Ese momento en la Misa fue una pequeña Transfiguración, una oportunidad de ver a Dios en toda su gloria y responder con asombro y admiración, todo porque una niña pequeña compartió libremente una alabanza llena de alegría.
¿La buena noticia? ¡Nunca faltan estos momentos si tenemos ojos para ver y oídos para oír!
Encontrar a Dios en todas las cosas
Estoy dejando que mi educación jesuita se note un poco aquí, pero hay una sabiduría profunda en la práctica de encontrar a Dios en todas las cosas.

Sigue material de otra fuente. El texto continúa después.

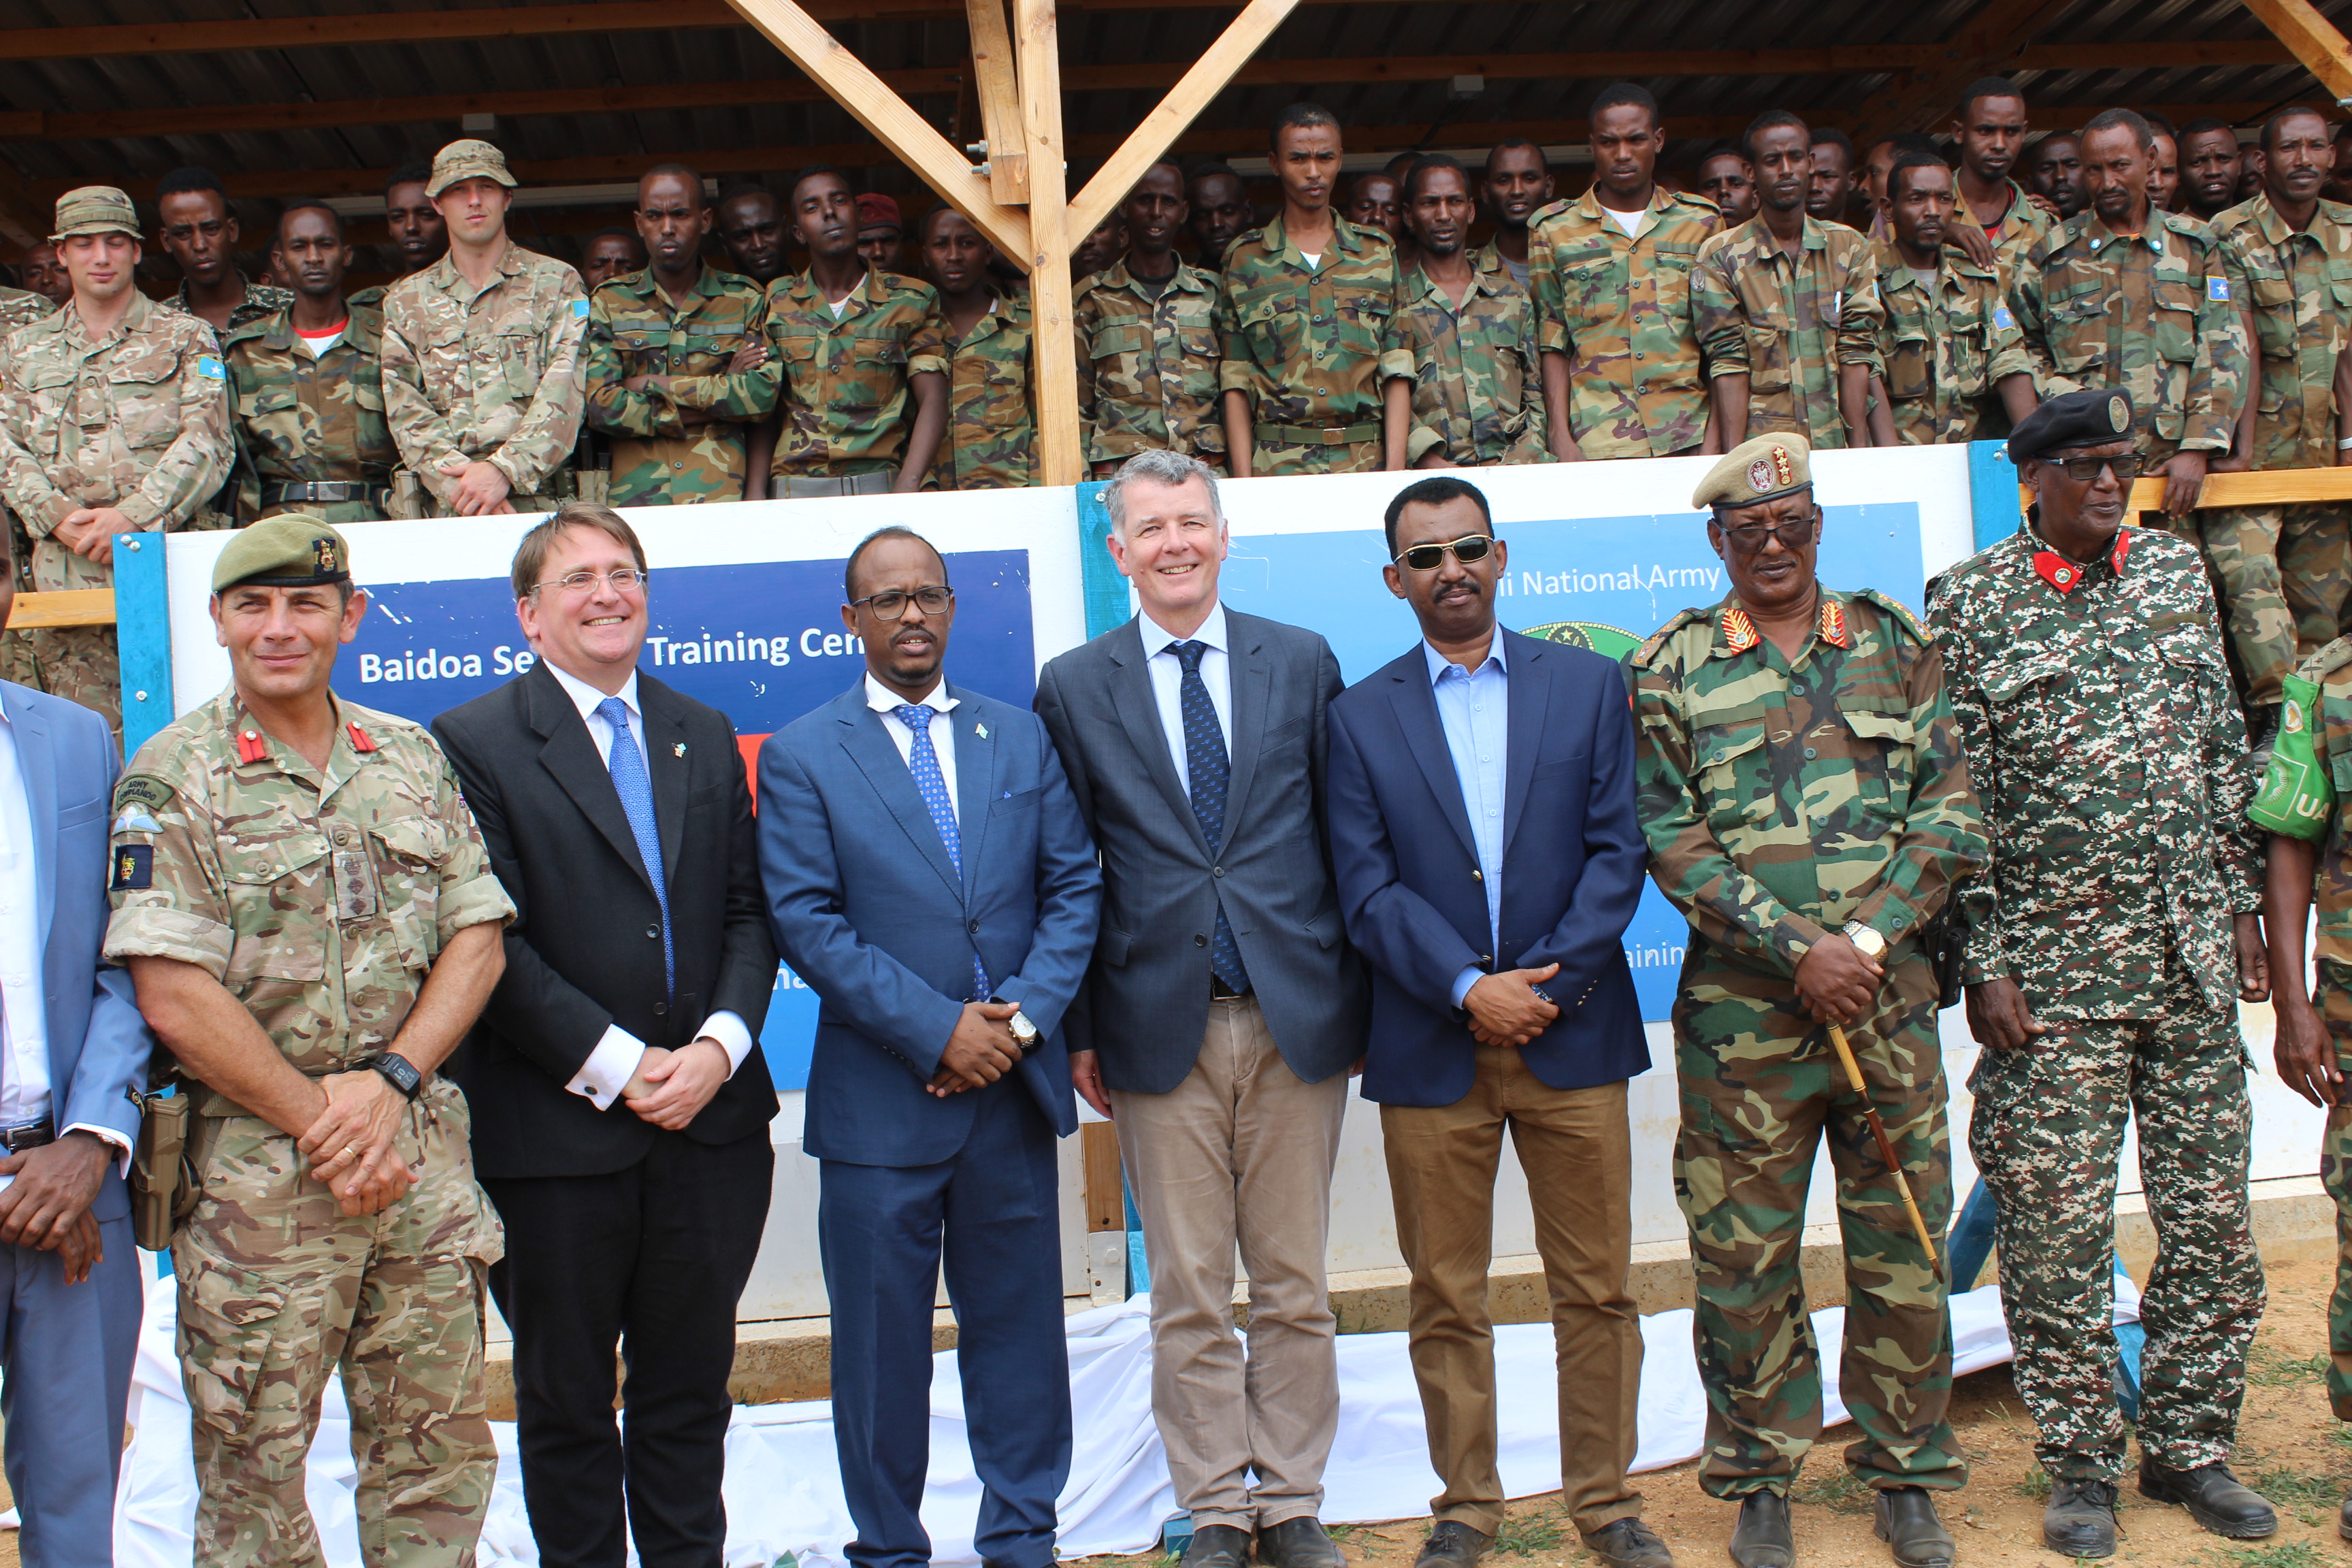 UK opens new training centre for the Somali National Army in Baidoa

Lejos de ser una droga milagrosa, aprender a buscar las huellas de Dios a lo largo de nuestros días, y, de hecho, de nuestras vidas, es una pequeña manera de cultivar un sentido más profundo de gratitud, asombro, admiración y esperanza.
Cuando era misionero, teníamos una práctica nocturna de reunirnos para rezar un «Rosario de Acción de Gracias». Dirigidos por un misionero en nuestra capilla, ofrecíamos nuestro día y todos sus momentos grandes y pequeños en gratitud al Señor.
“Gracias, Señor, por nuestra conversación con Charles”.
“Gracias, Señor, por un buen café”.
“Gracias, Señor, por un tiempo de descanso”.
“Gracias, Señor, por 36 libras de miel”. (Esa es una historia para otro momento)
La práctica diaria fue una gran manera de aprender a ver a través de los ojos de la gratitud y prestar atención a las formas en que Dios se está moviendo en nuestras vidas.
Comenzó un cambio en nuestra visión, de ver solo el aquí y ahora a apreciar lo eterno. En resumen, lentamente aprendimos a ver un poco más como Dios ve.
Cuanto más vemos y reconocemos los movimientos de Dios en nuestras vidas y le agradecemos por ellos, más vemos cuán radical es su amor por nosotros.
Dios está constantemente trabajando en nuestras vidas. Él está perpetuamente presente en formas grandes y pequeñas. Y si Él está presente con nosotros y en nosotros, entonces cada una de nuestras vidas es “tierra santa”, igual que la zarza ardiente.